Ah, I see, acceleration due to gravity is negative because of it's motion. In order to get the vertex of the parabola, I could simply use the vertex formula \[\frac{ -b }{ 2a }\] So, given the equation \(height = -16t^2 - 200t + 3\) I could say; \[\frac{ -(-200) }{ 2(-16) } = \frac{ 200 }{ -32 }\] I get -6.25, or 6.25, which can't be right because that isn't an answer (I'm using a practice problem from http://www.algebralab.org/Word/Word.aspx?file=Algebra_MaxMinProjectiles.xml )

- Compassionate

My answers are .
A. 628 feet
B. 1,878 feet
C. 20.87 feet
D. 199.33 feet

- Compassionate

I see I made a mistake and did -200, but even if that was corrected, it still wouldn't be anything close to the answers

- ParthKohli

What you got was correct. However, you got the value of \(t\) which makes \(h\) maximum. And you are to calculate the corresponding value of \(h\) for the \(t\) you got (because it asks for the maximum height itself, and not the time at which it is at the maximum height). How would you do that? Of course, you replace \(t\) with \(200/32\) in the quadratic expression which would give you your answer.

- ParthKohli

\[-16 \left(\frac{200}{32}\right)^2 + 200\left(\frac{200}{32}\right) + 3\]

- Compassionate

Wait, so I think I'm starting to get it.
When you just solve vertex, you are isolating t-units. When you plug those t-units in, you can calculate height by just using basic PEMDAS. But, I got a question
Why plug in 200/32. Why not 6.25, wouldn't working with decimals be a tad bit easier?

- ParthKohli

It's the same thing. I just like to work with fractions. Just about personal preference.

- Compassionate

So, now that I've gotten that cleared up, I have another question. When I isolate my x-intercepts in a quadratic equation, am I finding the time it takes x-object to hit the ground, or am I Finding it's velocity?

- ParthKohli

A graph consists of lots of points. The x-coordinate of a point is just any value you can input into an expression, and the corresponding output is the y-coordinate of the point.
See, a vertex is actually a point. The x-coordinate (-b/2a) is the input and the y-coordinate is the output corresponding to it. Now you only got the x-coordinate (input, i.e., time) but you need to output corresponding to that.
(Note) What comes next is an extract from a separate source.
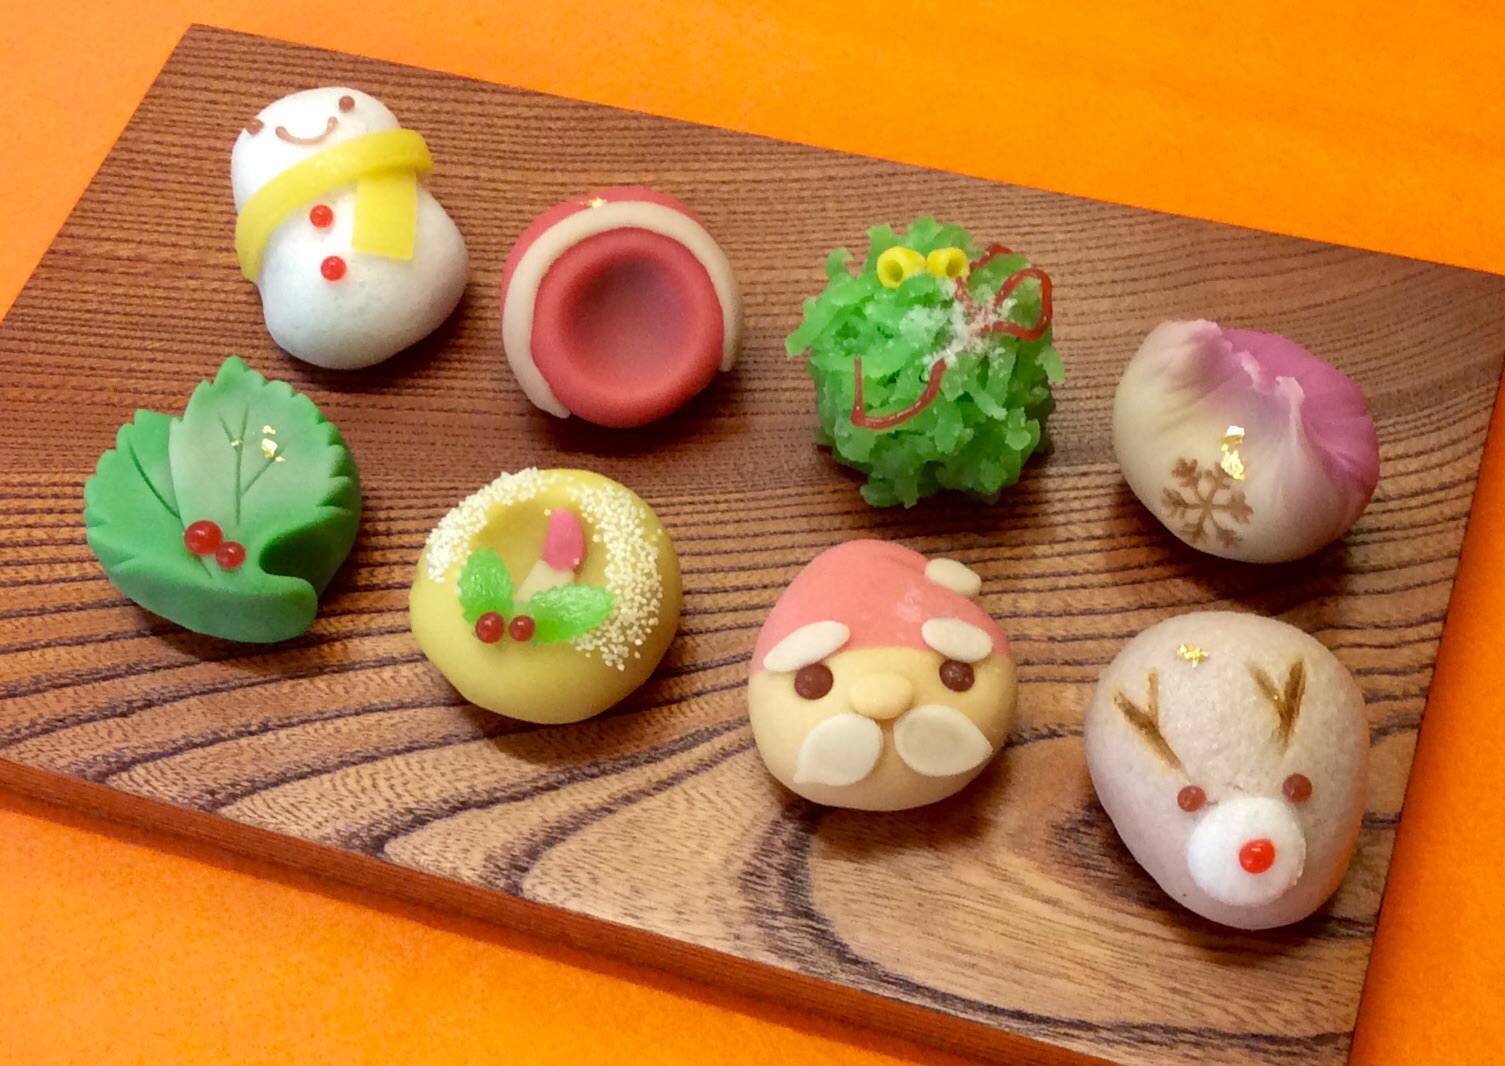 菓子処 喜久春 - クリスマスに可愛い和菓子でほっこりしませんか

So you plug that particular time you got (-b/2a) into the expression to get the corresponding output (height).

- ParthKohli

It depends. In this particular question, you did not find any x-intercepts of course. You find the x-intercepts by equating the quadratic expression to zero. If you want to find the time when the object returns to the ground, you take its height function \(h(t) = -16t^2 + 200t + 3\) and equate it to zero.\[-16t^2 + 200t + 3 = 0\]If you solve this equation using the quadratic formula or factorisation or any other method, you'd get the time at which its height becomes zero, i.e., it returns to the ground.

- Compassionate

|dw:1444074992922:dw| I'm talking more about these. IF I take that equation above and plug it into the quadratic and solve for both positive and negative points, the poisitive one will be the time it takes the ball to land, right?

- Compassionate

ah, thanks

- ParthKohli

Exactly. The negative solution is neglected because it doesn't make sense for time to be negative.

- Compassionate

Mind if you watch me do an example problem or two

- ParthKohli

|dw:1444075119942:dw|

- ParthKohli

Yes, sure, go ahead.

- Compassionate

An over zealous golfer hits a flop shot with a sand wedge to get out of the corner of a sand trip with an initial velocity of 45 feet per second. What is the maximum height that the golf ball will reach?
So, \(h = -16t^2 + 45 + 0\) I say the initial height = 0 because he's on the ground
To find the maximum height, I would first need to find the time of the maximimum height
So, H(t) = -45/2(16)
H(t) = 1.4 or -45/32
\(h = -16(1.4)^2 + 45(1.4)\)
\(h = -16(1.96) + 45(1.96)
\(h = -31.36 + 88.2\)
\(h = 56.84\)

- Compassionate

Sigh, but again, my answers are
A. 45 feet
B. 13.19 feet
C. 36.64 feet
D. 95.26 feet

- ParthKohli

http://www.wolframalpha.com/input/?i=45t+-+16t%5E2+maximum

- Compassionate

\(\frac{45}{32}\) is the time it takes to reach the maximum point

- ParthKohli

yes, and you plug that in into the equation

- Compassionate

\[\frac{ -b }{ 2(a) } = \frac{ -45 }{ 32 }\]

- Compassionate

It's negative 45, not positive.

- phi

***So, H(t) = -45/2(16) ***
it is t= -45/(-2*16) = 45/32
t= 45/32
now find H(45/32)

- ParthKohli

The mistake in your work was that you wrote \(45(1.4)\) as \(45(1.96\) in the next step.

- phi

or - (-45)/32

- ParthKohli

the answer should definitely be 2025/64 = 31.64...

- Compassionate

I wrote it as 1.96 because...
-16t^2 = -16t(1.4)^2

- ParthKohli

unless of course the golfer is initially standing at a height of 5 feet.

- Compassionate

And 1.4^2 = 1.96

- Compassionate

h = -16t^2 + 45 + 0
So what do I do with the t^2... Would it be... \[-16(\frac{ 45 }{ 32 })^2 = -16\frac{ 2025 }{ 1024 }\] Which one is it?

- phi

You should re-think that.
the equation is
H(t) = -16 t^2 + 45 t (notice it is 45 t not just 45)
There is only 1 vertex (i.e. peak)
you find the time of the peak using
t= -b/2a
(you only get one number, it will be t= 45/32)
Now find the height
-16*(45/32)^2 + 45*(45/32)

- ParthKohli

h = -16t^2 + 45t

- Compassionate

H(t) = -16 t^2 + 45 t
So, when I scared it, I only square 45? This is confusing. I have to pickup my girlfriend. I'll be back on later.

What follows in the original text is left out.